▸ How to complete this task: The string "pays" may appear in lines of the listing. Report each line where it does.

▸ Records shown:
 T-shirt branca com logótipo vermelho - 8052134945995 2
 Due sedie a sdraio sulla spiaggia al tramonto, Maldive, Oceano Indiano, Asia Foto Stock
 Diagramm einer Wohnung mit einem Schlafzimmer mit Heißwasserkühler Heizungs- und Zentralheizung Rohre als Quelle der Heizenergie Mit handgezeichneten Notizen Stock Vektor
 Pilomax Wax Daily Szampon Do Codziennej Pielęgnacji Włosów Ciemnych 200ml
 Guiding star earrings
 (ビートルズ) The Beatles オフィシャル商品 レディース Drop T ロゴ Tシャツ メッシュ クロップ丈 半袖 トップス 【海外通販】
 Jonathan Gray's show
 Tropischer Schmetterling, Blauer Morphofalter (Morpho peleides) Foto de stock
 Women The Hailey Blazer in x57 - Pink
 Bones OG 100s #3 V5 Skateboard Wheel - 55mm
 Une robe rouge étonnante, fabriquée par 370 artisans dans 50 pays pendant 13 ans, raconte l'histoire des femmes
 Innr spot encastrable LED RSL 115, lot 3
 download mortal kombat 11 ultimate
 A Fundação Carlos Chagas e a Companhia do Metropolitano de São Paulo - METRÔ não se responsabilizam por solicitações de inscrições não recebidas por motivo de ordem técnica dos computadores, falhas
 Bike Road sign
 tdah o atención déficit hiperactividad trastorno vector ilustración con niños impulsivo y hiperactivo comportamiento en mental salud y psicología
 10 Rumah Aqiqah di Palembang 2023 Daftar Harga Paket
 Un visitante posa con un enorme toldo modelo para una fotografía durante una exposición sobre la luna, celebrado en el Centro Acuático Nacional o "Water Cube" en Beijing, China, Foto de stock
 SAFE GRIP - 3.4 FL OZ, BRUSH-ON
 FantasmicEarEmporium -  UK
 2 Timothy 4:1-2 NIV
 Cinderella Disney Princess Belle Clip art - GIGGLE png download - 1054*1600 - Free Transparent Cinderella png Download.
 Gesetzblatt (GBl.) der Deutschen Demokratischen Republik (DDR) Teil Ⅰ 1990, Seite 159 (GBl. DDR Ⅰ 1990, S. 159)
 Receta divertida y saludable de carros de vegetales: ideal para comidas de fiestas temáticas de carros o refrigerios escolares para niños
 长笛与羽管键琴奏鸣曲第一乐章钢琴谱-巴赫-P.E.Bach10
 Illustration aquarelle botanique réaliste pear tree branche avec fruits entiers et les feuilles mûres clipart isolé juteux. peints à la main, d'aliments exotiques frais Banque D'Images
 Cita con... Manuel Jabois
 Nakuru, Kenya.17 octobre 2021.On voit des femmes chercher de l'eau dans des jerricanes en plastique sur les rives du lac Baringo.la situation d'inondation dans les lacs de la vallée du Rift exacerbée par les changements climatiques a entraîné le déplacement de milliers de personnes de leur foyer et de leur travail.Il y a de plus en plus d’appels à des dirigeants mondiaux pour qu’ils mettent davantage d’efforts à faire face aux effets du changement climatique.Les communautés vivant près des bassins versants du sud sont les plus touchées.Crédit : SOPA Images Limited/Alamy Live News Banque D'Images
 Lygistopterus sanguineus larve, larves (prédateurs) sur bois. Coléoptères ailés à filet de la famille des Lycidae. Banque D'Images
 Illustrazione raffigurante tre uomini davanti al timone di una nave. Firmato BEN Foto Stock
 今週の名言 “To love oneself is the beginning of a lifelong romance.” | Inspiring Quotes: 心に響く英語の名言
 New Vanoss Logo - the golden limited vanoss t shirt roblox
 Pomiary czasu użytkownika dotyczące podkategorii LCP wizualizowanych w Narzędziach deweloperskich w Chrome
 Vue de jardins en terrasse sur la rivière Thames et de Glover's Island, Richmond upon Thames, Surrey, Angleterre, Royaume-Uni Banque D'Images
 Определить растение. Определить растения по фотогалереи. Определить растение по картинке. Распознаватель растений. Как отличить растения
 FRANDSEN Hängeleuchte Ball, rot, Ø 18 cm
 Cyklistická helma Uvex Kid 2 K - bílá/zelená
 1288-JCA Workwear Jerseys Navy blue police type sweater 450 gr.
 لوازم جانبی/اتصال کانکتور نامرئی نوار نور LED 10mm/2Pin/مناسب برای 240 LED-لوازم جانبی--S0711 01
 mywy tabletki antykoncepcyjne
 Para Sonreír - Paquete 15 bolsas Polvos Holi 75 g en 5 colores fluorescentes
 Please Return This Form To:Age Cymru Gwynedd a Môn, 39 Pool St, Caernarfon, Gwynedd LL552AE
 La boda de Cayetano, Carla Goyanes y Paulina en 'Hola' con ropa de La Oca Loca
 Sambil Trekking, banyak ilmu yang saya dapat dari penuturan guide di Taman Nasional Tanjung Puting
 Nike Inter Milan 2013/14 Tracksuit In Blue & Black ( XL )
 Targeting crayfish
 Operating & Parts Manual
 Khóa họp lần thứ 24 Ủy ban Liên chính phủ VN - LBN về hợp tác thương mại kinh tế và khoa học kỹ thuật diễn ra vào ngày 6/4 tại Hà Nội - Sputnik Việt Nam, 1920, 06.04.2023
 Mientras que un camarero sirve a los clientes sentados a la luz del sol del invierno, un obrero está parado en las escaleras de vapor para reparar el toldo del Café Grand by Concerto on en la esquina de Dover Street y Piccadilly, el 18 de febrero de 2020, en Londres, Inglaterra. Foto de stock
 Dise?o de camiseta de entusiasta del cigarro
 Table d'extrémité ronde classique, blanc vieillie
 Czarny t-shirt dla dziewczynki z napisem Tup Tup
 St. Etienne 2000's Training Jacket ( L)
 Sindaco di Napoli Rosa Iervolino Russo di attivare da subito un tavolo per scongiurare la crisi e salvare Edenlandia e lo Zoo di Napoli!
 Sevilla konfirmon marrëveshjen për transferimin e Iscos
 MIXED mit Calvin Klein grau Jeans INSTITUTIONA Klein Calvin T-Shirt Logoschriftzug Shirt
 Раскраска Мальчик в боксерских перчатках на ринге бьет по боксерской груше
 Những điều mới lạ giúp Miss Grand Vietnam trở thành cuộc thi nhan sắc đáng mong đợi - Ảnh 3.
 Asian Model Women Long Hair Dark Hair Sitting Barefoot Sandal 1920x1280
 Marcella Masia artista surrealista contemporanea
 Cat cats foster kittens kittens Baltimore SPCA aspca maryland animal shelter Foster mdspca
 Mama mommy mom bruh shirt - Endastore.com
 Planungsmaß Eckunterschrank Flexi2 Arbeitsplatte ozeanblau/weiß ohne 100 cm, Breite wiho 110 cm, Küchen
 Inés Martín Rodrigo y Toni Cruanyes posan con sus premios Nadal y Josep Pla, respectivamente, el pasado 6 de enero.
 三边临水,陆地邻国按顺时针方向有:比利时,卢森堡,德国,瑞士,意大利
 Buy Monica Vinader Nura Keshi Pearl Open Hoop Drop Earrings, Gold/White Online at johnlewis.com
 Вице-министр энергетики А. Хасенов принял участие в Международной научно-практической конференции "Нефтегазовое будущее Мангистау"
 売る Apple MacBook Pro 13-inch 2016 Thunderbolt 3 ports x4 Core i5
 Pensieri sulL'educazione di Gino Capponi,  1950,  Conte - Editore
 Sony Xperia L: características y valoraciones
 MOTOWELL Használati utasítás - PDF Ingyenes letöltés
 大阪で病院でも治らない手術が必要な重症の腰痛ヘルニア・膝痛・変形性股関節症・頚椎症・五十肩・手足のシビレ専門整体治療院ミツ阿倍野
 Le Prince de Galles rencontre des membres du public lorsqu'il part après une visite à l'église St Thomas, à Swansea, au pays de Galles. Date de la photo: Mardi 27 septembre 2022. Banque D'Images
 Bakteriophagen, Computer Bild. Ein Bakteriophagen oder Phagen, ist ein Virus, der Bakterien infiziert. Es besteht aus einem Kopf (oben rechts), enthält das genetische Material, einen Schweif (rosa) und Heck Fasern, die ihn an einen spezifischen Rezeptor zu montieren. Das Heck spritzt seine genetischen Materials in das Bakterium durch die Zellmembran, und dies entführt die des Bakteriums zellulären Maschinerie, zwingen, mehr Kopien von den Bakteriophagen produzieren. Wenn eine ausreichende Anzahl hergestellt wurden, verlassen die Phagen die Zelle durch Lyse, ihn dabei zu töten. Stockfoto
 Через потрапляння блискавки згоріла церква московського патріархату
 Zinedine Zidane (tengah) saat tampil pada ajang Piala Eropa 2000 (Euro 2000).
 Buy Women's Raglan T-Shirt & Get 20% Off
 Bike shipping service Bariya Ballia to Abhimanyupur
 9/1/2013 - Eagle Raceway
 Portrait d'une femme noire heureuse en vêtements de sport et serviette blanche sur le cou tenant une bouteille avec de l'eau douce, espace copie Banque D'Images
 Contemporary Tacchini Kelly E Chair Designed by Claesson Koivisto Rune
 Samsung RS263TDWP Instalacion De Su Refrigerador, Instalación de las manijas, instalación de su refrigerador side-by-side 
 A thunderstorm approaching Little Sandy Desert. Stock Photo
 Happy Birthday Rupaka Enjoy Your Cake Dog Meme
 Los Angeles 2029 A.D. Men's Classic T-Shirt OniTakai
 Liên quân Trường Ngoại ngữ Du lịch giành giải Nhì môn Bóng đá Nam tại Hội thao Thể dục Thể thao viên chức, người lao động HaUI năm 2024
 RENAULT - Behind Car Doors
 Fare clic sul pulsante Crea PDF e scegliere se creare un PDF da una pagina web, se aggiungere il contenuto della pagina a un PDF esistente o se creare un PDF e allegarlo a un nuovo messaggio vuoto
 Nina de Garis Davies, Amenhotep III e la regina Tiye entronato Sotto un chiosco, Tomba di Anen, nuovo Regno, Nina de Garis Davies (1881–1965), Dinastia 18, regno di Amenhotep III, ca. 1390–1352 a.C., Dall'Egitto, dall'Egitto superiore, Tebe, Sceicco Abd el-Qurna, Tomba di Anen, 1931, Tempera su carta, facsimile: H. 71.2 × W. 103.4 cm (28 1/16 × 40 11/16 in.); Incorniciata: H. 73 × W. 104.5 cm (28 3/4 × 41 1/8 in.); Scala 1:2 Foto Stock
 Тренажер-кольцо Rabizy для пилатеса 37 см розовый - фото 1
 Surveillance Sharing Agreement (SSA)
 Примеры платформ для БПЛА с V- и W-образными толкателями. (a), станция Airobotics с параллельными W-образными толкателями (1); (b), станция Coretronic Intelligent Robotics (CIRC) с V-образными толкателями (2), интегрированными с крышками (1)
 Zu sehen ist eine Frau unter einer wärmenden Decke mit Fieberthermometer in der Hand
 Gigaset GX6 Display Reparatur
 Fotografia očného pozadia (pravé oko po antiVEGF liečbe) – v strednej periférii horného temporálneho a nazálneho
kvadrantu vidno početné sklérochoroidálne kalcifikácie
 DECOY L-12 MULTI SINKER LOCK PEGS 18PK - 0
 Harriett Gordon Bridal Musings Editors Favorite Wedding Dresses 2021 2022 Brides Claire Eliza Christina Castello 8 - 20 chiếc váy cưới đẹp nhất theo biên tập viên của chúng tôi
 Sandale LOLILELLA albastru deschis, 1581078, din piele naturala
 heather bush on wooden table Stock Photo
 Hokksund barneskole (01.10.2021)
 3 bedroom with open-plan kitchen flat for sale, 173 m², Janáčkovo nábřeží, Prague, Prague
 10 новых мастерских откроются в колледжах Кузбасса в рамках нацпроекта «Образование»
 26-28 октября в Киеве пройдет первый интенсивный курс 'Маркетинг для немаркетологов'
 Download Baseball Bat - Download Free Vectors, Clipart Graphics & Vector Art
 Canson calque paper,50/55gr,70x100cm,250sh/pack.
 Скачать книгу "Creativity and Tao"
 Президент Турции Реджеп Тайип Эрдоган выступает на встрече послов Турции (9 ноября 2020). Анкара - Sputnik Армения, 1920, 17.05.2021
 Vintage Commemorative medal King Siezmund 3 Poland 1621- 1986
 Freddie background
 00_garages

▸ Written solution:
 Une robe rouge étonnante, fabriquée par 370 artisans dans 50 pays pendant 13 ans, raconte l'histoire des femmes
 Le Prince de Galles rencontre des membres du public lorsqu'il part après une visite à l'église St Thomas, à Swansea, au pays de Galles. Date de la photo: Mardi 27 septembre 2022. Banque D'Images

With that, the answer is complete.